• [YOUR TASK]:
Copy out every line of the material below, character for character, apart from the pictures.

• [SUPPLIED DATA]:
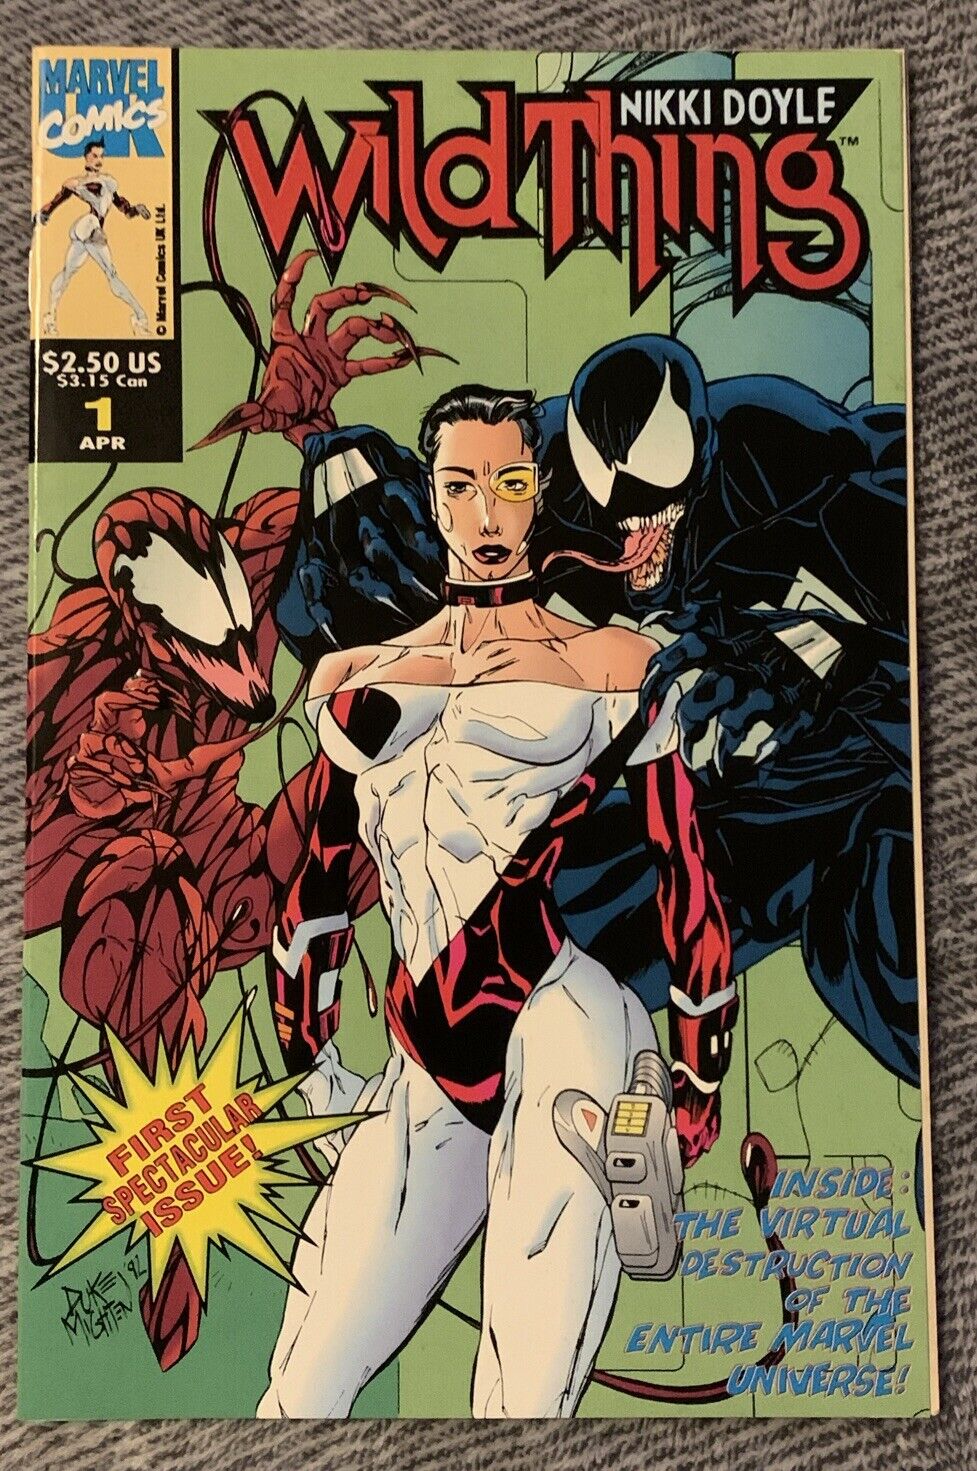 Wild Thing #1 (Marvel Comics, 1992) Venom, Carnage Cover VF+
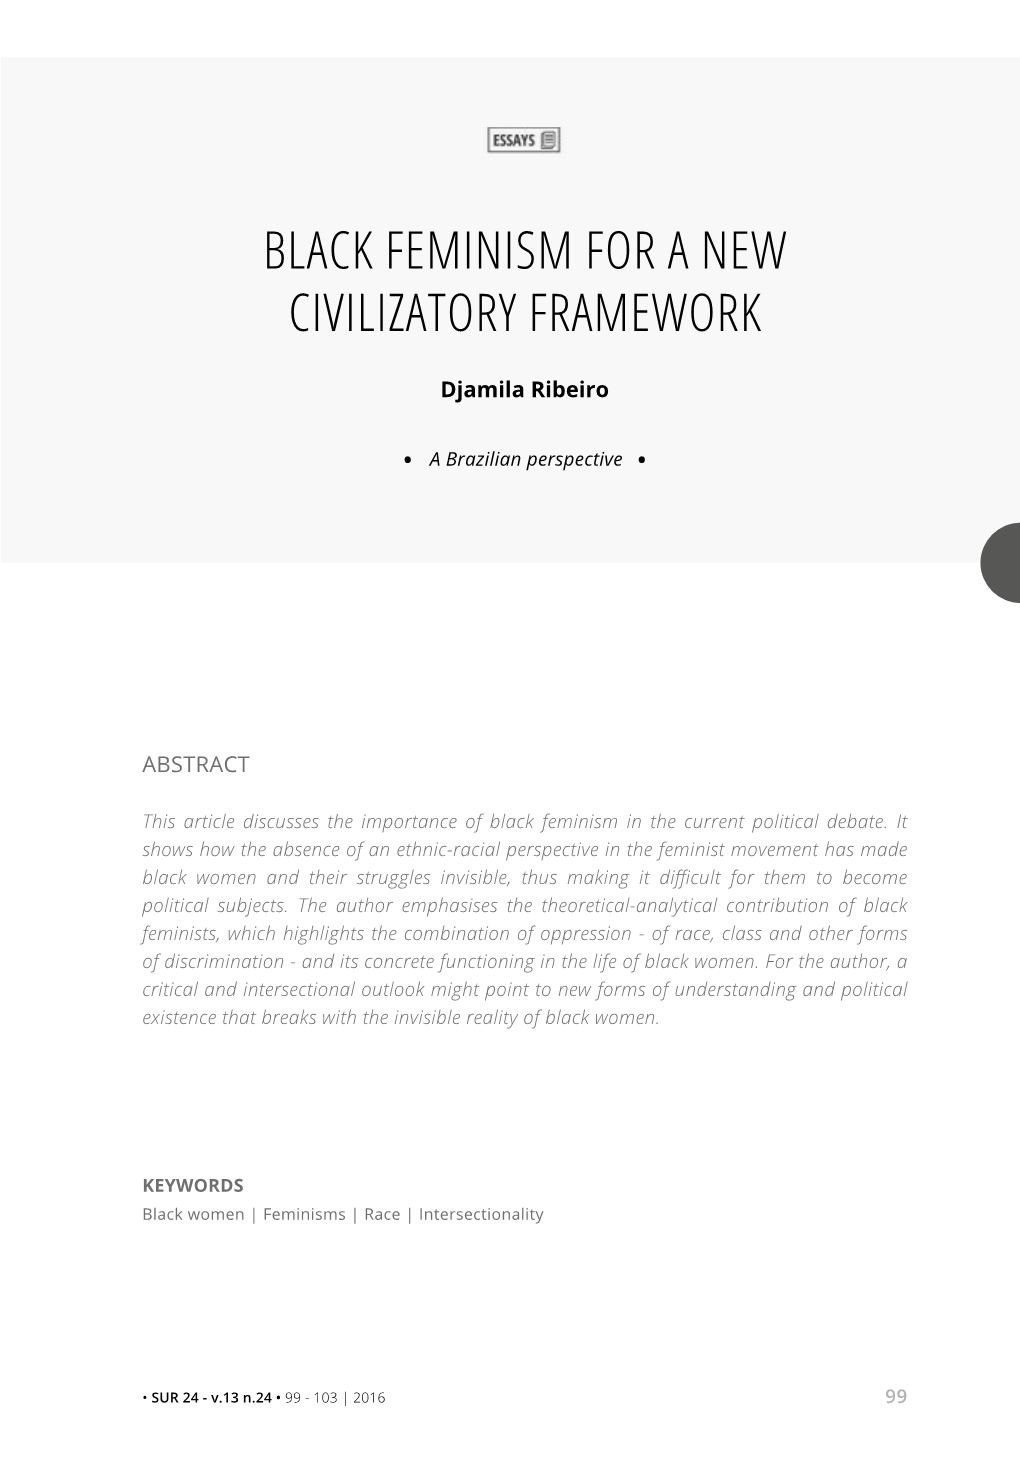 Black Feminism for a New Civilizatory Framework
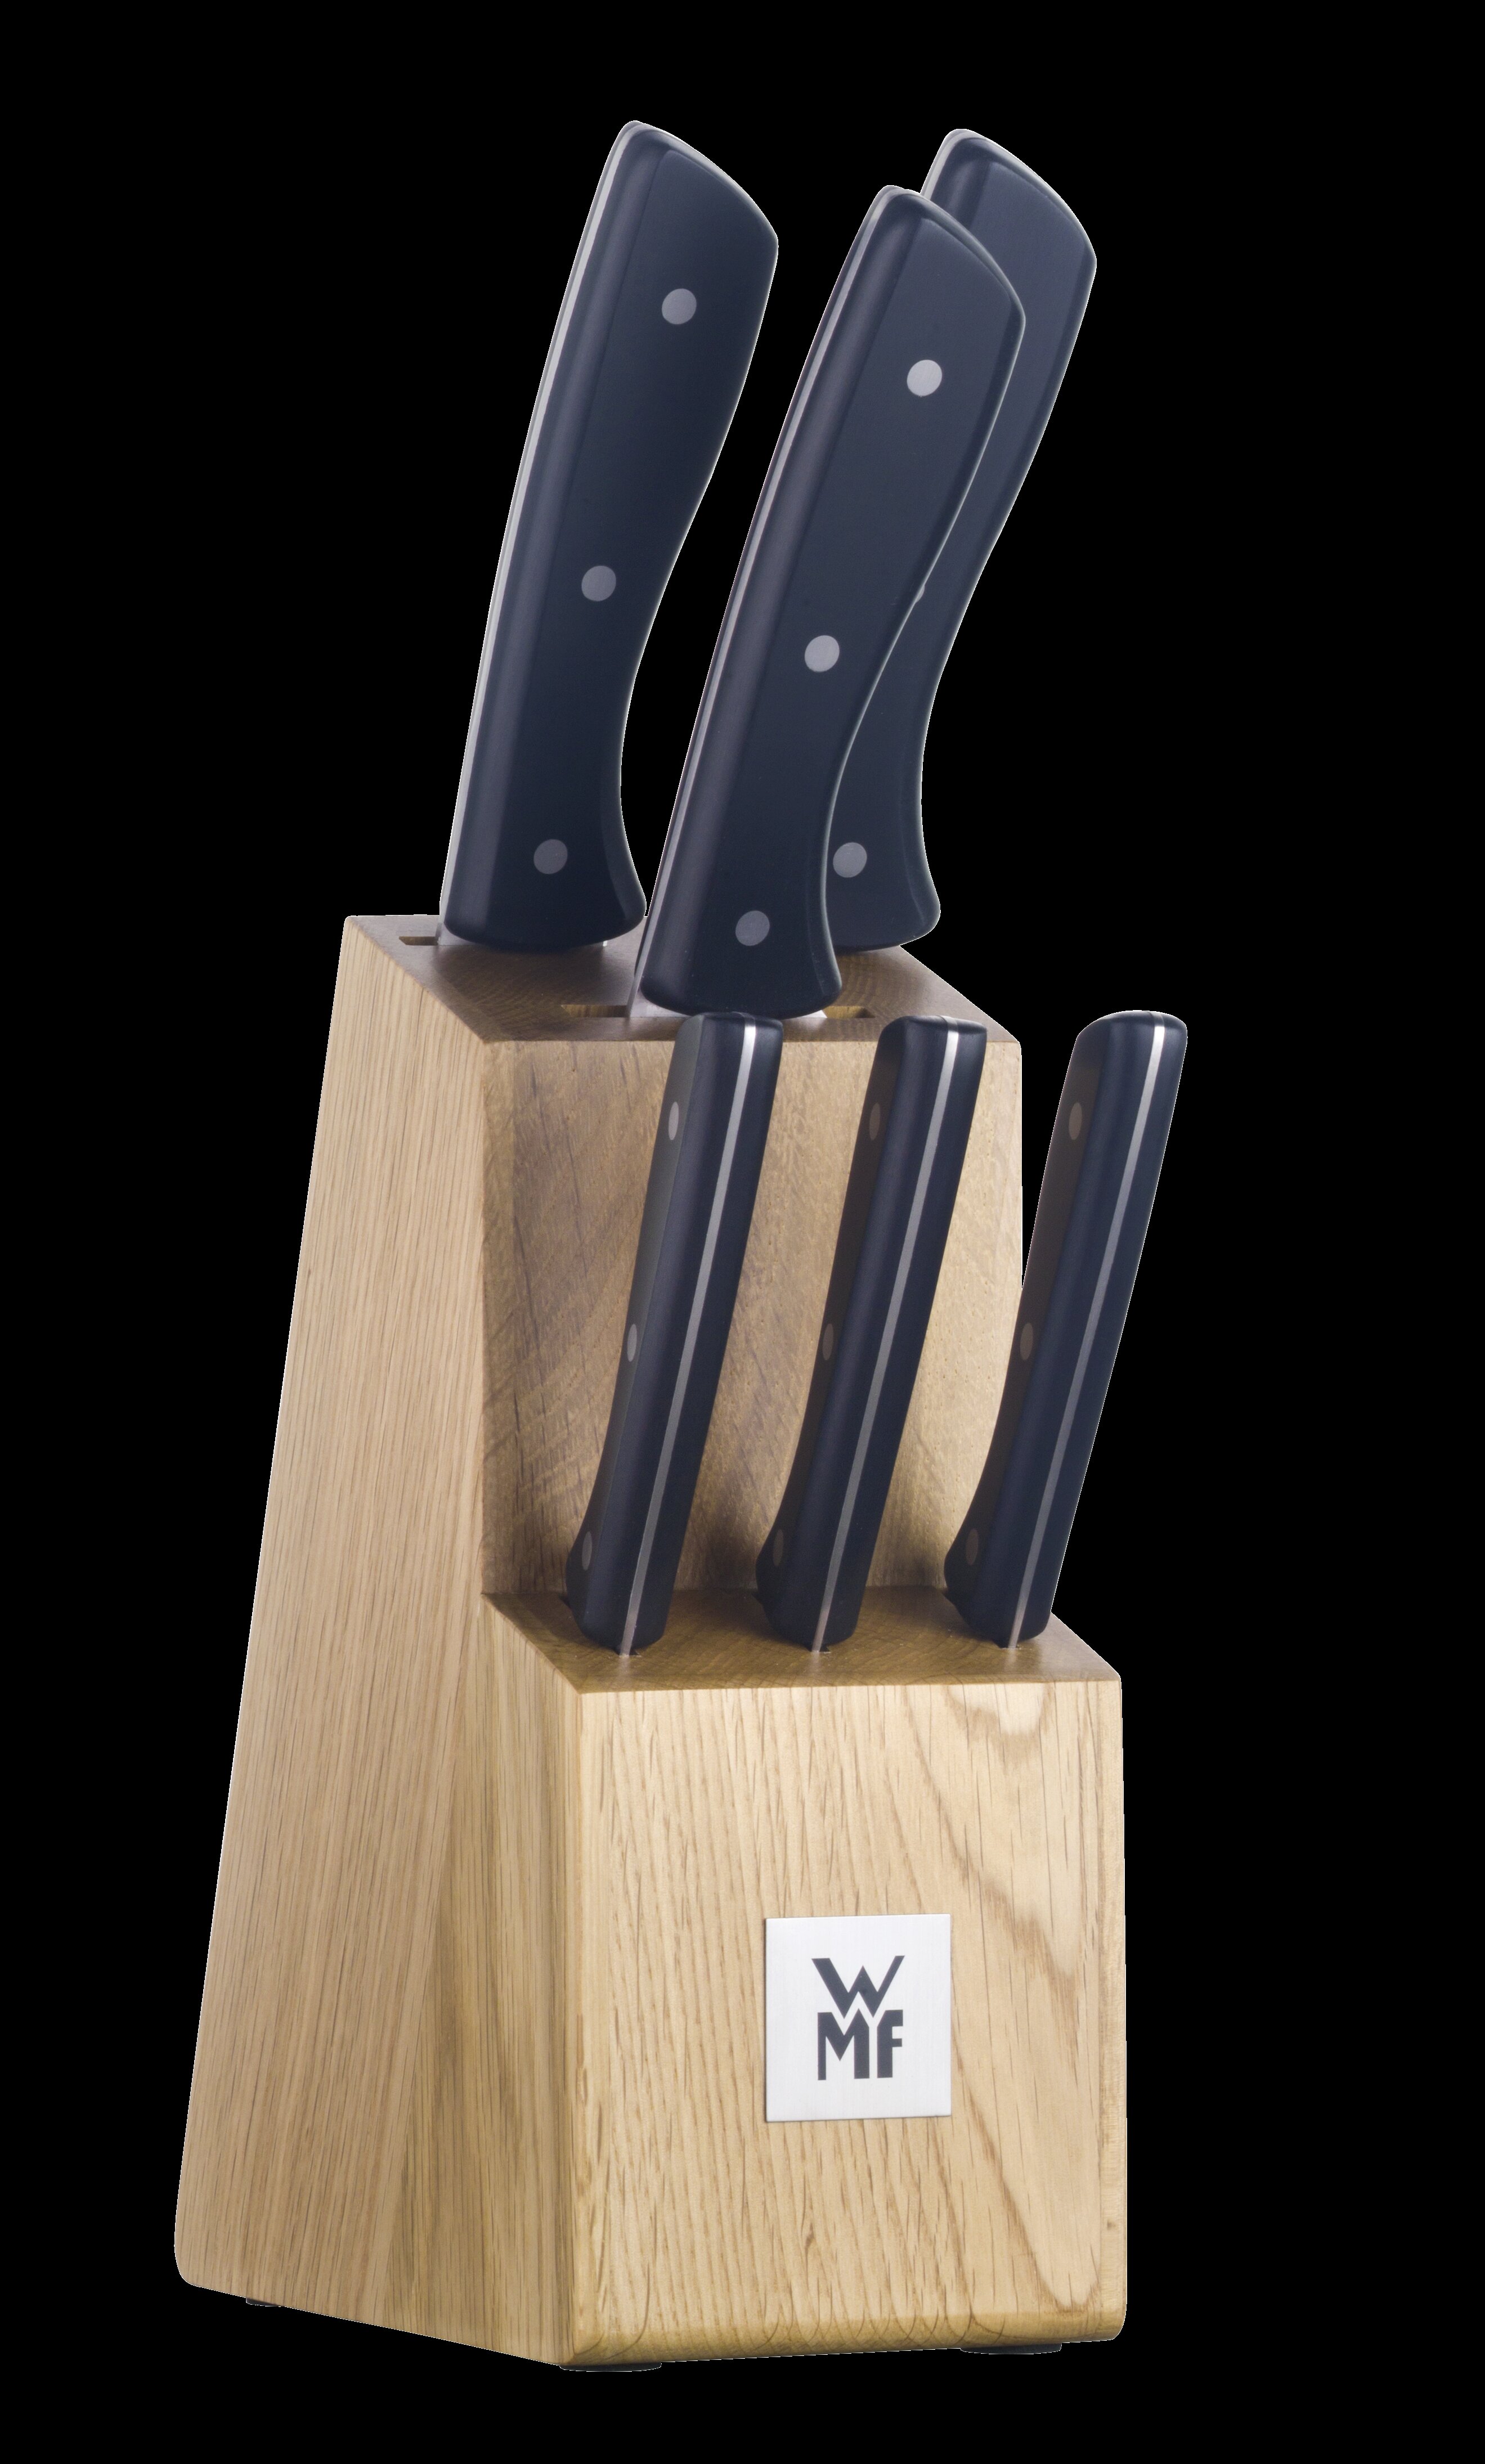 WMF geschmiedet mit 7-tlg. Messerblock Messerset
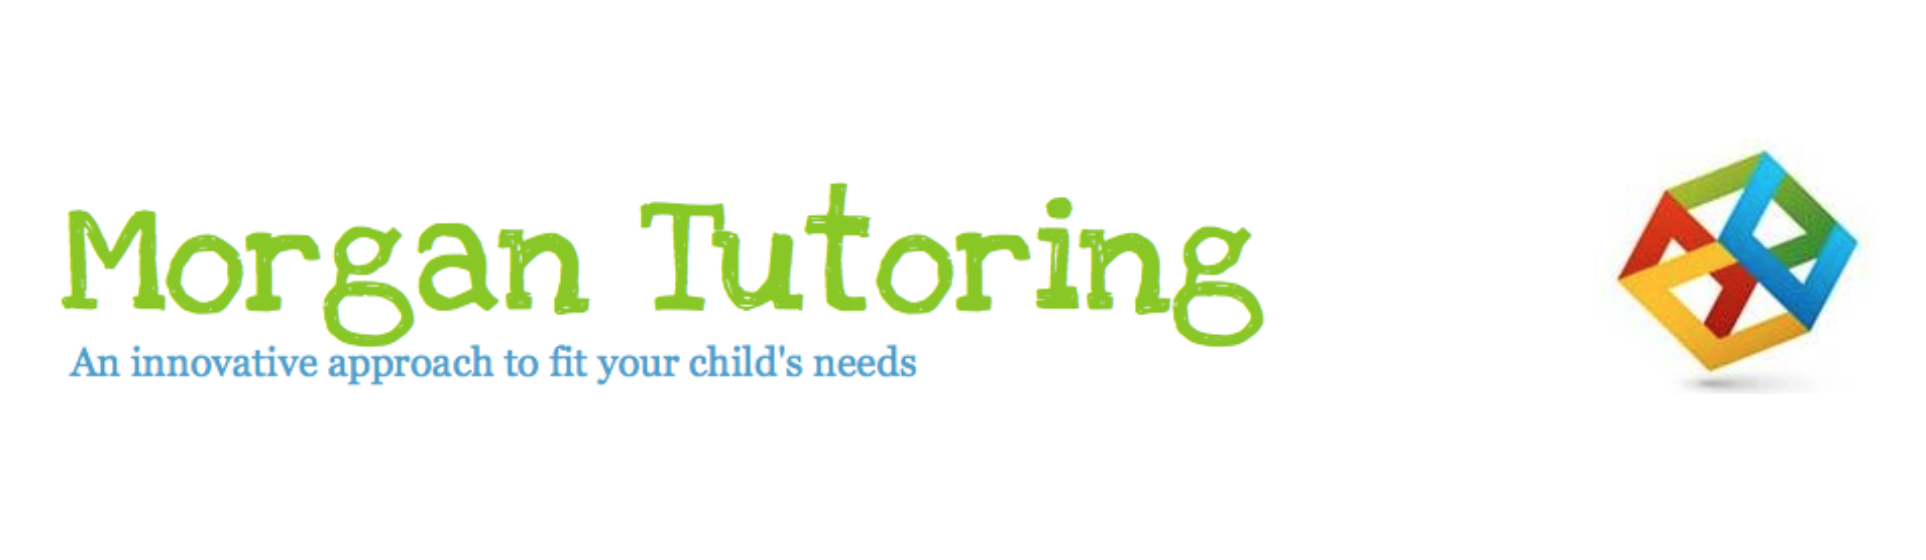 Morgan Tutoring logo

• [ANSWER AREA]:
 Wild Thing #1 (Marvel Comics, 1992) Venom, Carnage Cover VF+
 Black Feminism for a New Civilizatory Framework
 WMF geschmiedet mit 7-tlg. Messerblock Messerset
 Morgan Tutoring logo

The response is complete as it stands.